The ML accuracy improvement curve plateaus below 10% data availability, with no further gains beyond this threshold. In contrast, TL accuracy continued to improve at 100% data availability, suggesting the potential for even higher performance with more data.
These findings emphasize the ability of the TL to generalize to noisy environments and adapt to complex conditions, reinforcing its potential for real industrial applications. It is important to highlight that classification accuracy alone is an insufficient metric for assessing real-world effectiveness. As demonstrated in this study, a comprehensive evaluation of model performance is crucial for enhancing the reliability and improving the diagnostic capabilities of TL models.
In terms of practical application, the proposed method is computationally efficient and suitable for real-time analysis using 1-second data segments, making it feasible for industrial settings where continuous monitoring may be constrained by operational limitations or sensor accessibility. However, the current model was trained on a single bearing geometry and fault type, which limits its generalizability to other use cases. To develop a broadly applicable system, future work should incorporate data from diverse bearing types and failure modes. While this study did not aim to build a general-purpose diagnostic tool, it provides a structured analysis of how key parameters influence TL performance.
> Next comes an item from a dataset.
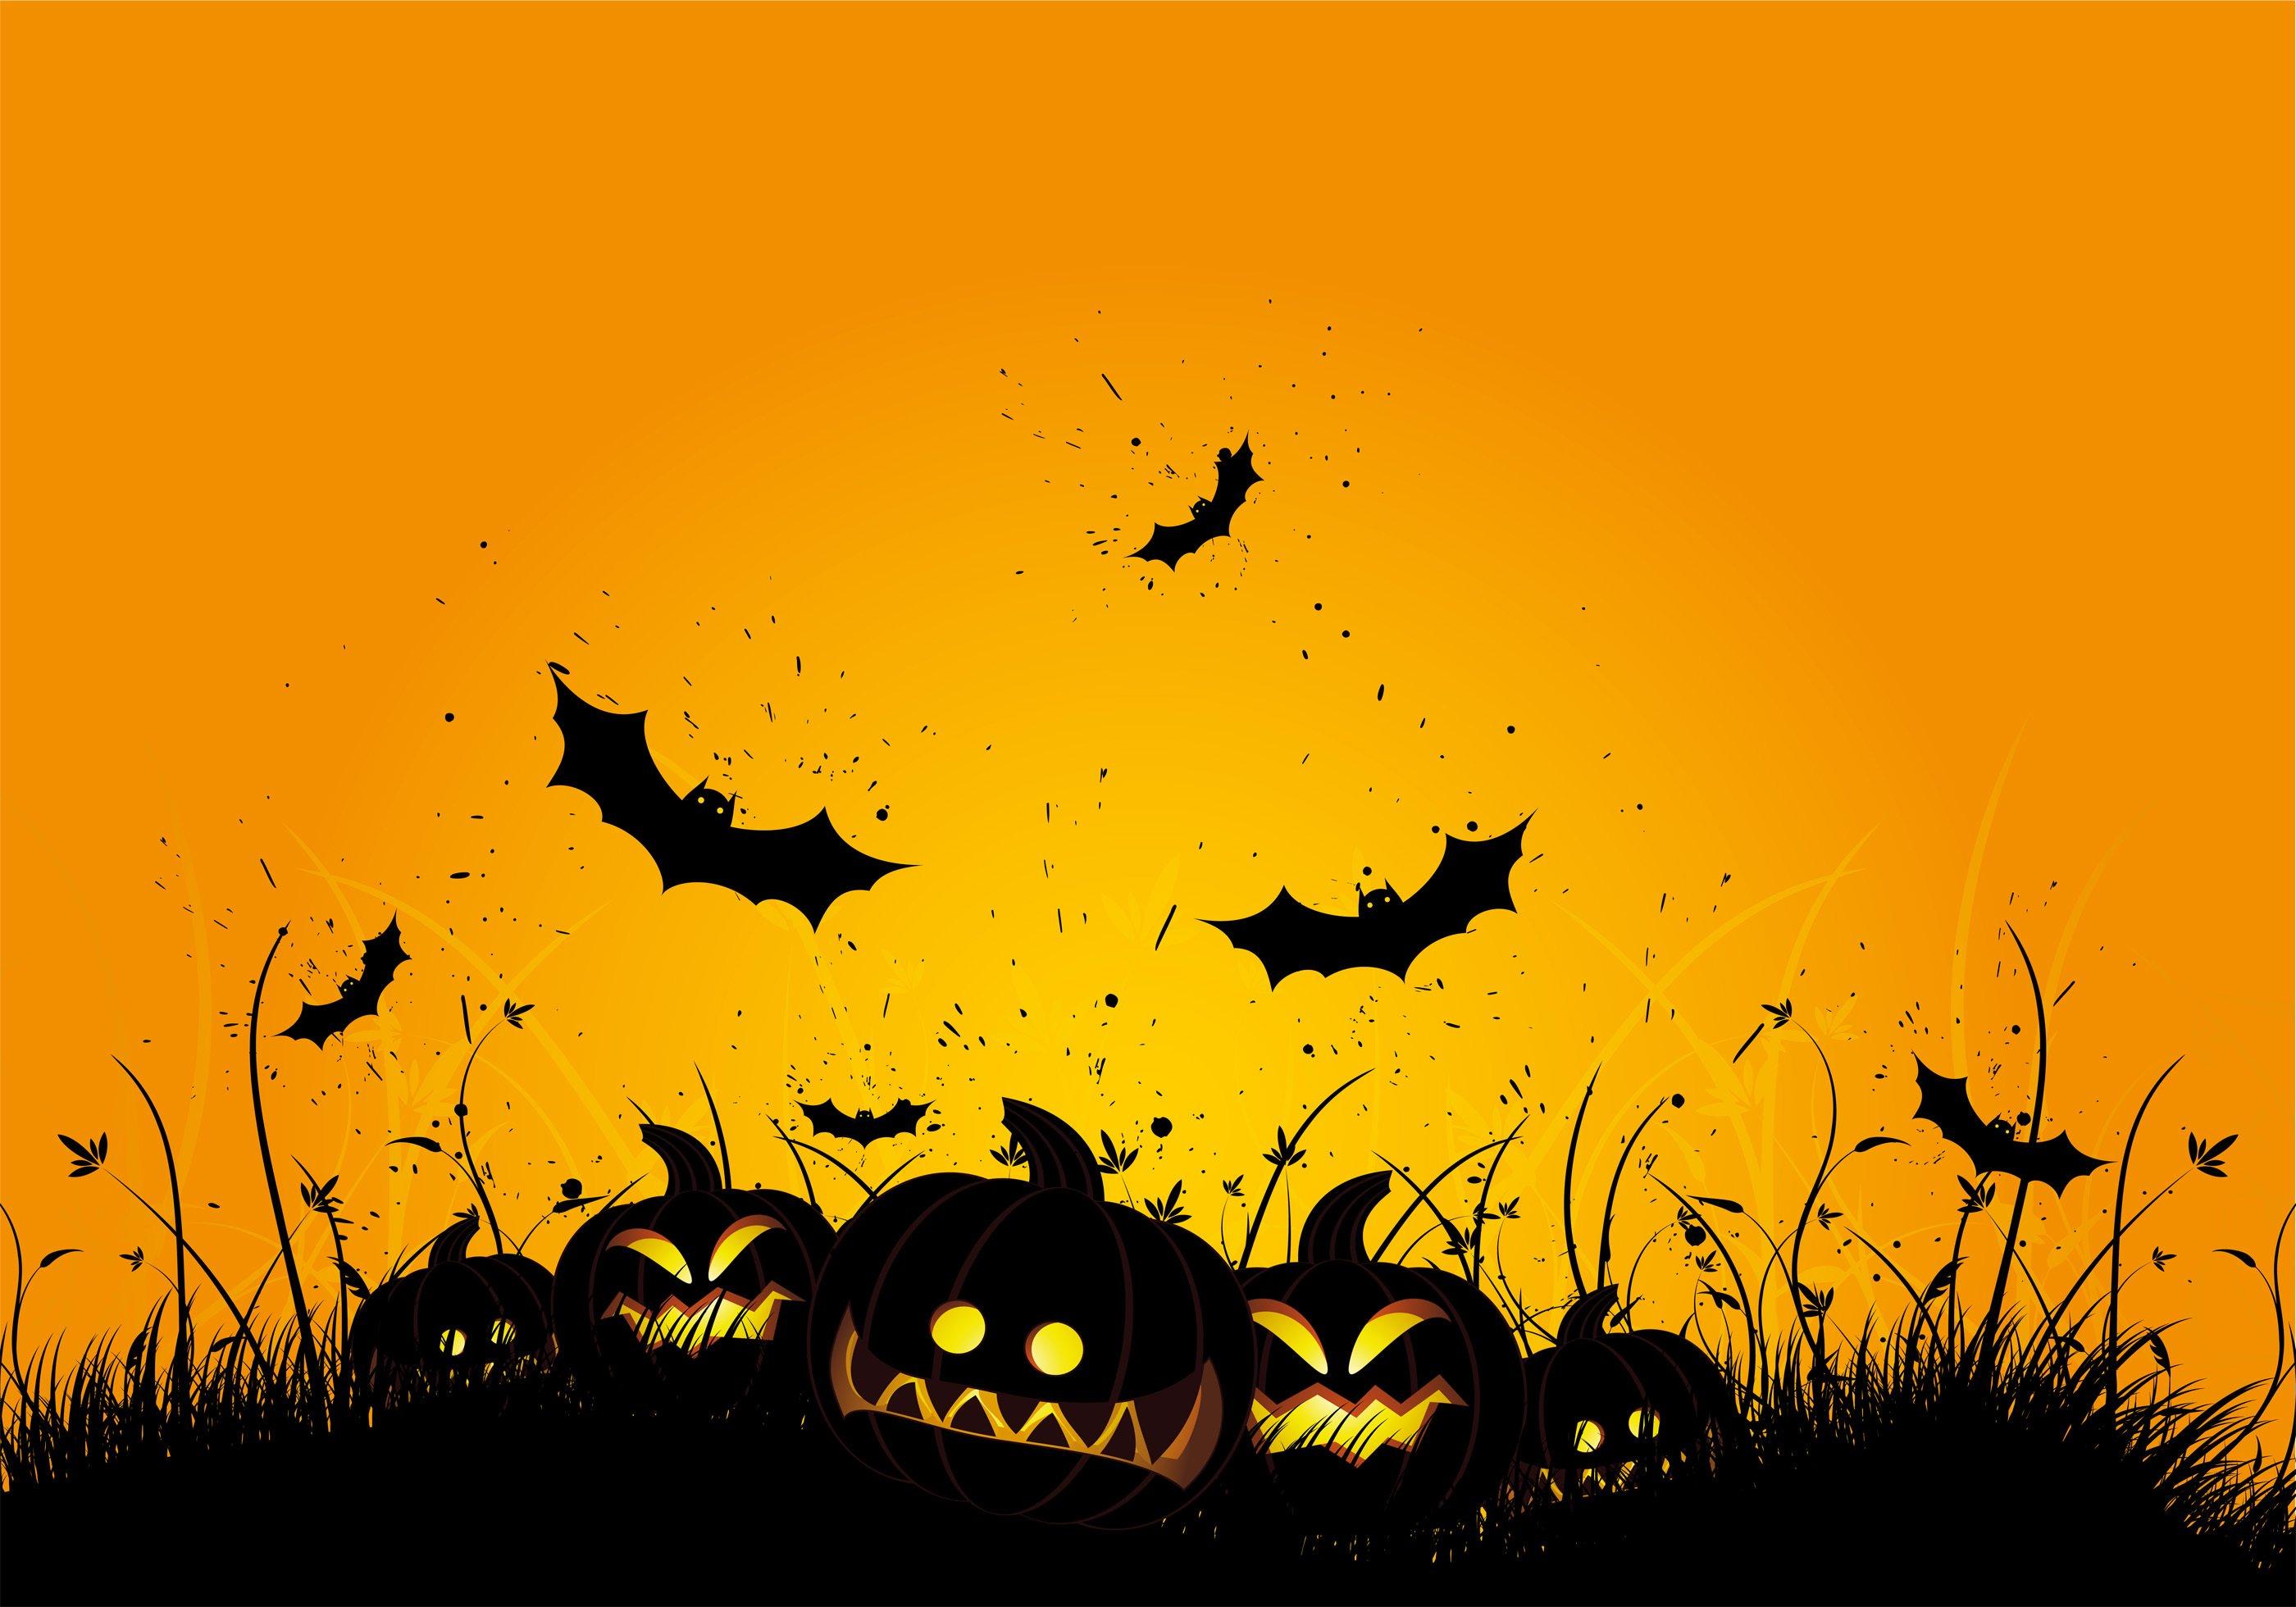 Backdrop Halloween Bat  3m x 2.3m $60 Incl frame & gst

The presented results were based on a case study of rotor unbalance identification through bearing vibration signals. However, the insights gained from this study can be used beyond this specific application. The findings on TL’s effectiveness and limitations in handling domain shift may offer valuable guidance for investigating other bearing failure modes, such as inner and outer race defects or rolling element damage. Additionally, these insights can contribute to more detailed studies on fault detection in other rotating machinery applications, including gearbox failures, motor faults, and similar industrial maintenance tasks where data scarcity and domain adaptation remain significant challenges. The proposed methodology can be applied to assess the impact of other influencing factors, such as outliers in the data and variations in the sensor placement, which affect the recorded data characteristics.
Future work should focus on improving the sensitivity of TL models, particularly for detecting mild unbalance levels. Exploring multi-class classification, where unbalance levels are treated as distinct categories rather than a single class, can provide a more detailed classification framework and improve detection accuracy. Examining the influence of sensor placement on model performance can provide valuable insights, particularly given practical constraints in industrial settings where optimal sensor positioning is not always feasible. Additionally, investigating tailored domain adaptation techniques and refined preprocessing strategies may further optimize the TL performance. Leveraging more advanced TL methodologies could further enhance model generalization and improve their applicability in real-world industrial settings.